Before the film, Peter Jackson addresses the capacity Kabuki-cho crowd: “Hello everyone in Japan. You’re going to be among the first to see a special theatrical preview for King Kong.”
Aside from a few extra shots, and we’re talking milliseconds here of machine gun fire and the T-Rex, it’s the same preview that’s been released to net, minus Jackson’s Jerry Lewis telethon-like begging.
Yoshiki says “it scores,” but somehow I’m just not feeling it. Naomi Watts is too old. Jack Black is too young. Everything else is CGI.
While I wish it were a remake of Toho’s Uchu Dai Senso, War still winds up a good time. So much fun to watch bitch ass America fall down and disintegrate. Best loss of innocence in a Spielberg movie since Empire of the Sun. Palpable sense in the room of “go team” when someone says of the alien tripods “they managed to bring down one of them in Osaka.”
I wake up in Shimorenjaku sweating and sticking to myself. The Gods and me hate Japan during the summer.
I swing the door open. Bu-chan the cat with the inkwell-spill face is pawing at Honda-san’s carryall bag. He digs around inside slowly, in total control of his feline senses. No big deal, I figure. Cats are weird enough for me to seldom be surprised by anything they do anymore. He’ll probably go back to passing out in his cardboard box any second.
The Coffee. The toast. Me in my Muji yukata, waving myself with a paper fan with a map of Asakusa on it - a gift from the Chuei girls.
Suddenly, there’s a bird in Bu-chan’s mouth. A small sparrow. That’s what he was poking at earlier inside of Honda’s bag. He looks at me with an expression I can only read as “want some?” before he waddles off to the living room.
Bu-chan is big and fat. Silent and deadly also it seems. The windows are closed, the doors are locked. How the fuck did that bird get in here?
Bu-chan drops the body smack dab in the middle of the floor. It’s not moving much. Just getting in a few last gasps of humid sticky air before it croaks. Bu-chan stands at attention next to it, pawing at his avian prey and meowing like he’s not sure what to do next.
Cats, I know. Birds, especially Japanese birds, are still a mystery. Honda-san is still asleep. I imagine the bird regenerating itself like a phoenix and flapping about the apartment, an earthquake on wings. Total chaos.
I grab the wash bucket from the bathroom and throw it over the dying little bird.
I pet Bu-chan until his eyes close and his ears slide back against his head. Cats kill. That’s what they were born to do. His performance today was a guitar solo or a four legged surfin’ safari.
My god. The manager at El Torito might actually be Mexican. And I’m Mexican too, whenever it’s convenient.

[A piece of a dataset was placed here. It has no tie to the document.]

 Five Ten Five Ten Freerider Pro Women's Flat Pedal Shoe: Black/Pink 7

I should ask him for a job washing dishes. But what if this place gets raided by La Migra?
Dang reading this made me hungry so I went out for some arabiki ika at the corner.
Think I'll hit El Faro for lunch. That is if the cigar smoking bum is not hanging out on the sidewalk stinking the place up.
(I'm in downtown SF)
Posted by: Gilles Poitras | June 30, 2005 at 09:15 AM
You live here now? Don't panic.
El Torito is all right for a Japanese version of Tex-Mex, but if you're serious about Mexican food, check out Fonda de la Madrugada in Harajuku.
http://www.fonda-m.com/
Posted by: jasong | July 01, 2005 at 02:23 AM
Damn you, Go Hiromi. Damn you to hell for making Ricky Martin's original version sound downright melodic.

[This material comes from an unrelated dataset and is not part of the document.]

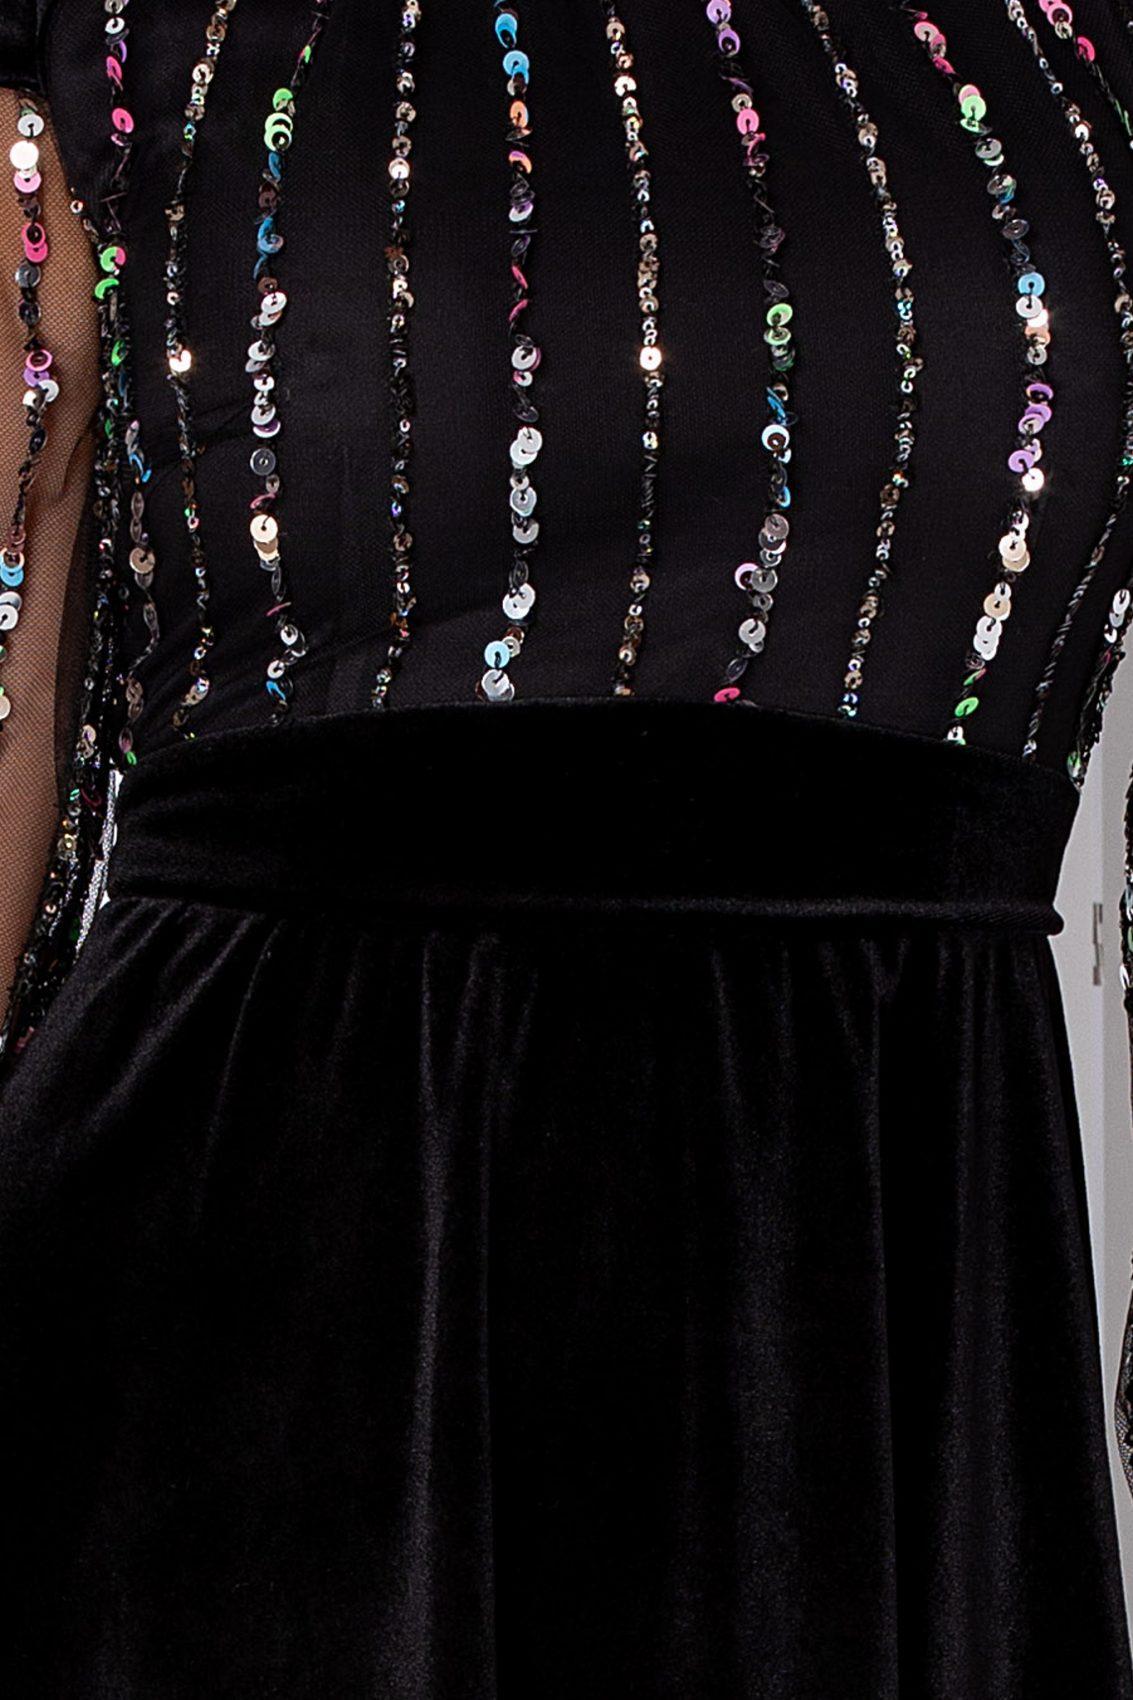 Moze Aniella Μαύρο Φόρεμα 5268

If there was one thing I learned about Mexican food in Japan, it's the fact that it's so much easier to make yourself. I give almighty praise to Yamaya and its wide selection of foreign food.
Cats in Japan just don't seem to like foreigners much. Lucky bastard.
Posted by: Geoff Tebbetts | July 02, 2005 at 08:28 AM
Damn you, Go Hiromi. Damn you to hell for making Ricky Martin's original version sound downright melodic.
If there was one thing I learned about Mexican food in Japan, it's the fact that it's so much easier to make yourself. I give almighty praise to Yamaya and its wide selection of foreign food.
Cats in Japan just don't seem to like foreigners much. Lucky bastard.